Local culture strategy
Eleven (52%) of studies provided information on culture protocols (Table 5). Four (19%) studies [9, 10, 22, 23] reported taking at least five cultures. Five (24%) studies [18, 20, 22, 26, 30] described culturing for at least 14 days. In two studies [26, 27] antibiotics were administered before cultures were taken. One study used sonication as a separate culture result [21].
Table 5
Local culture protocols, and differentiation and treatment for surprise infected nonunions
Culture protocol
Differention between infection and contamination
Treatment
Author
Year
Antibiotics administered before culture samples are taken?

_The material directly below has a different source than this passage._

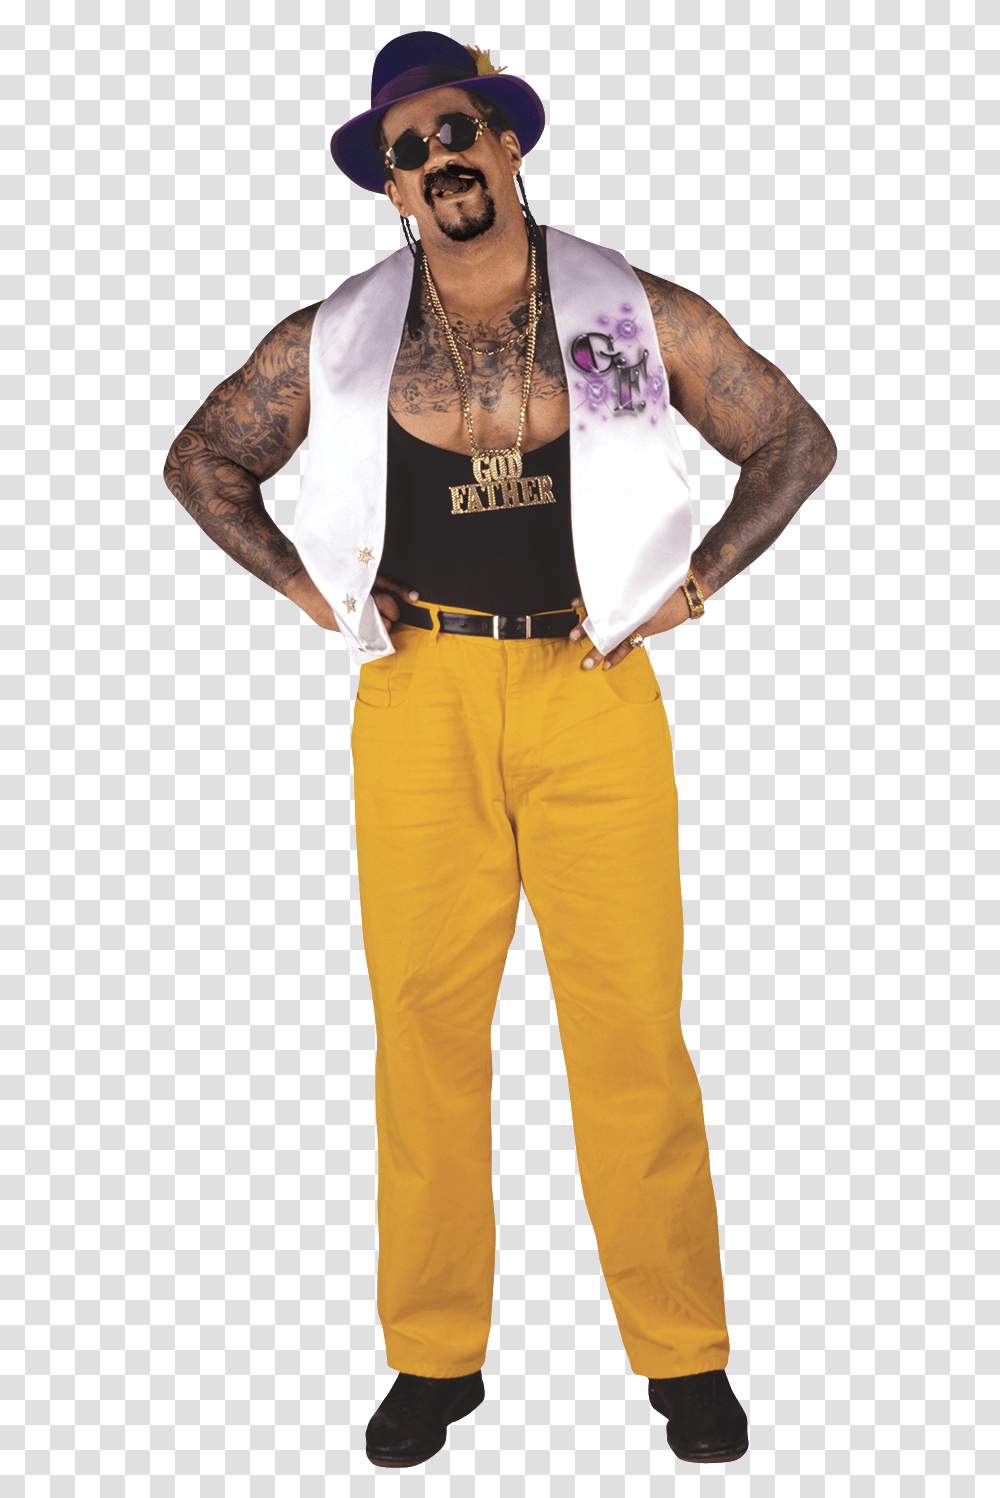 Godfather Wwe Costume, Skin, Person, Clothing, Sunglasses Transparent Png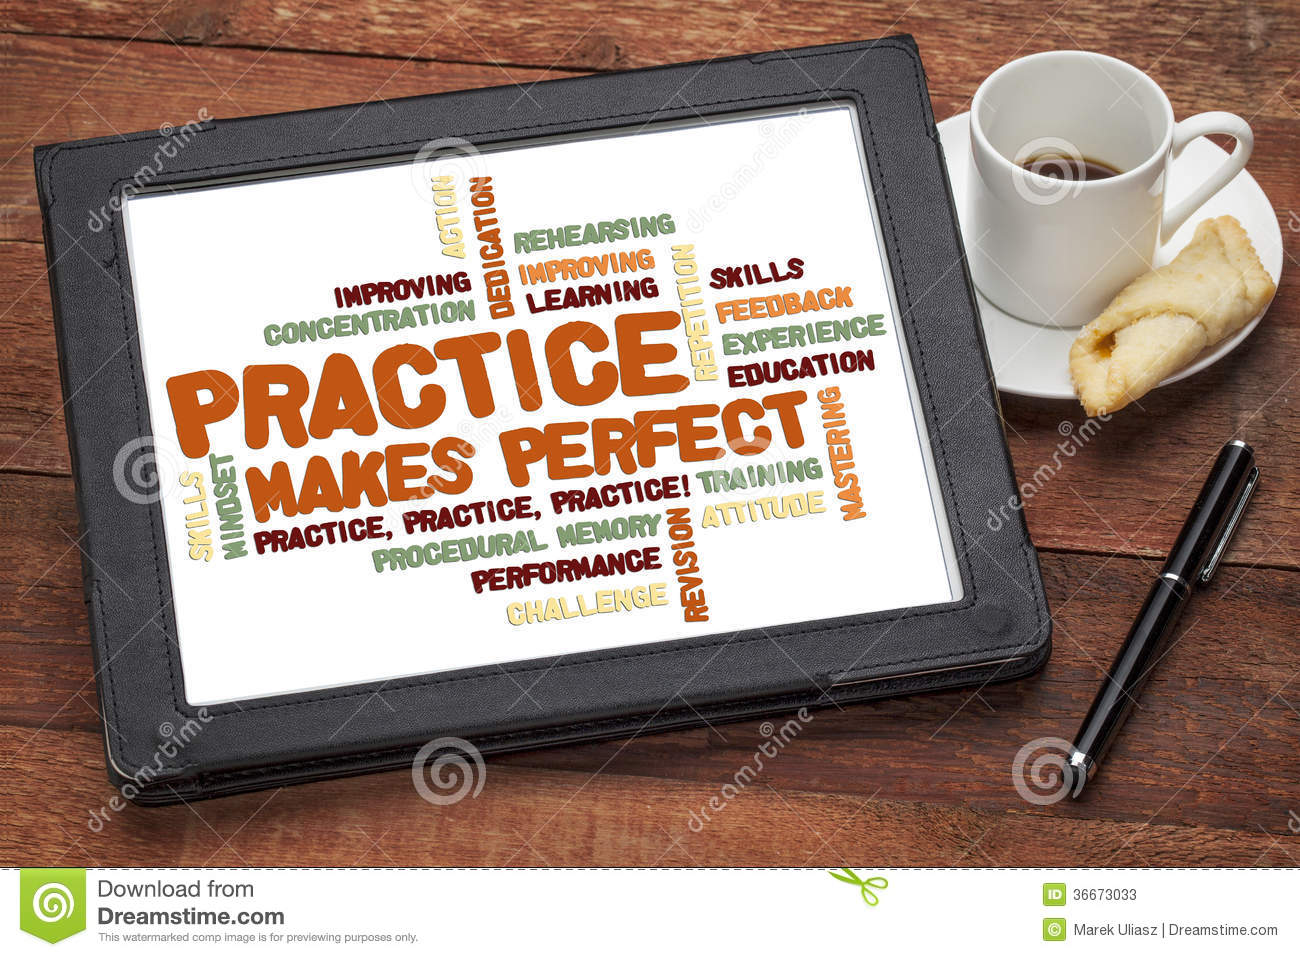 Practice Makes Perfect   Related Word Cloud On A Digital Tablet With A

Number of culture samples taken during surgery
Minimal duration of culturing (days)
Definition of contamination vs infection provided
Consultation with infectious disease specialist
Differentiation based on number of positive cultures
Treatment for surprise infected nonunions without clinical signs of infection
asonication results were considered a separate culture result
Blank: missing/not reported
Differentiation between infection and contamination
Ten studies (48%) explicitly provided a differentiating definition for infection and contamination (Table 5), of which eight studies [9, 10, 18, 21, 22, 26, 27, 30] required at least two cultures to be positive to deem a nonunion as infected and six studies [8‐10, 22, 23, 27] described consultation with an infectious disease specialist.
Antimicrobial therapy
None of the studies reported on the use of empirical antibiotics beyond the perioperative period whilst awaiting culture results. Ten (48%) studies [8‐10, 16, 19, 23, 25‐27, 29] reported treating patients with a surprise infection primarily with antibiotics, if clinical signs of infection remained absent. This information was not provided by the remaining studies (Table 5).
Discussion
The surgical treatment protocol for a long-bone nonunion largely depends on the absence or presence of infection. If confirmatory clinical signs of infection are absent, a nonunion is often presumed aseptic. We established that, in these cases, surprise positive cultures occur in approximately 1 in 6, and surprise infected nonunions in 1 in 10 patients. We found that 1 in 5 patients with a surprise positive culture nonunion and 1 in 7 patients with a surprise infected nonunion required secondary revision surgery, compared to 1 in 17 patients with a negative culture nonunion. It may be possible that revision surgery was performed only because a positive culture was found. However, studies primarily initiated antibiotic treatment specific to the identified micro-organisms in case of a surprise infected nonunion that remained without clinical signs of infection. The need for additional surgery may be explained by the fact that none of the studies reported an empiric antibiotic treatment protocol until cultures return. Staphylococci – which were the most cultured micro-organisms – are able to develop a biofilm within days, which can only be eradicated by removal or exchange of implants and biofilm active antibiotic therapy (e.g., rifampicin) [35, 36]. In addition, vascularity of nonunions may be compromised, which limits local penetration of systemic antibiotics. Consequently, initiating antibiotic treatment only after cultures return might be beyond the “window of opportunity”. For confirmed FRIs, it is therefore recommended that surgical debridement should be followed by empiric broad spectrum intravenous antimicrobial therapy [37, 38]. In this systematic review, we found that final healing rates are close to 100% for presumed aseptic nonunions regardless of the culture result, and despite none of the studies reporting empiric antibiotic treatment. This would suggest that the combination of antibiotics tailored to the micro-organism(s) found with additional revision surgery is effective and that empiric broad-spectrum antibiotics may not be necessary. This is important in the context of antibiotic stewardship, cost-reduction, and prevention of side-effects. Further studies have to assess the local epidemiology, antibiotic resistance rates, and patient characteristics of surprise infected nonunions to establish tailored protocols [38].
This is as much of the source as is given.